On 03/28/2010 01:01 PM, Evan Prodromou wrote:
Josh Roesslein wrote:
A backup idea would be to directly develop the server in C++. This would require developing a bridge between StatusNet and the server. New statuses would need to be passed via a protocol
to the streaming servers.
I think you'd want to do this anyways. We'd probably want to design this so that new notices go into a queue (we have an extensive queue system already!), and that offline queue handler processes shuttle the notices between the queues and the streaming server.
I'd definitely recommend that anybody looking into a streaming API implementation also take a quick look at how our realtime web delivery plugins currently work.

The StatusNet-side code plugs into our background queue processing; for each new notice a chunk of markup with the info for the notice is whipped up, and it's sent over to an external streaming server (Meteor, Orbited, or Comet) along with a list of subscribable paths that it should go to.
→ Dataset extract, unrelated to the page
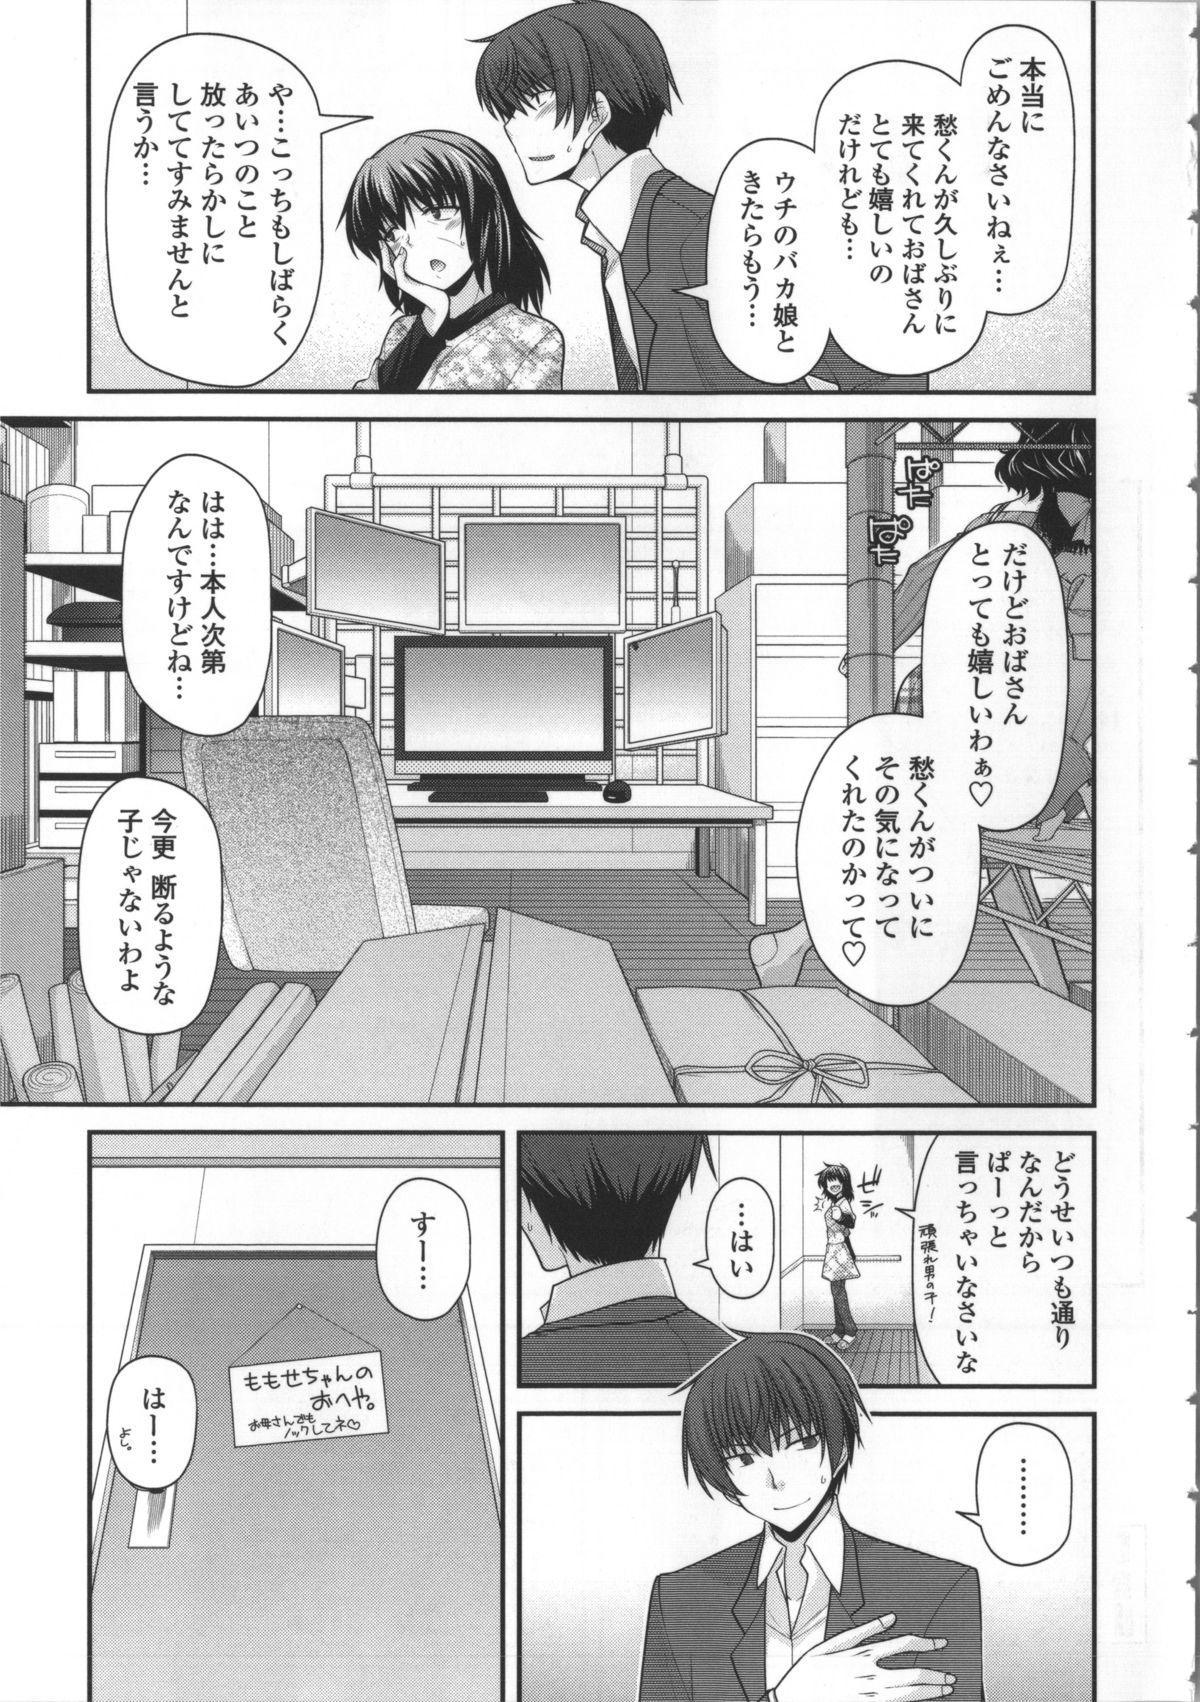 Yamato Nadeshiko Breast Changes 148

If there are any active client connections to the streaming server for one of those paths, the notice info gets delivered on to them, where the browser-side JavaScript inserts it into the web page.

I'm not familiar enough with the Twitter streaming API details to know how difficult it'll be to adapt an existing streaming helper like Meteor to that API or whether something more purpose-built will be required, but it's likely going to work on similar lines.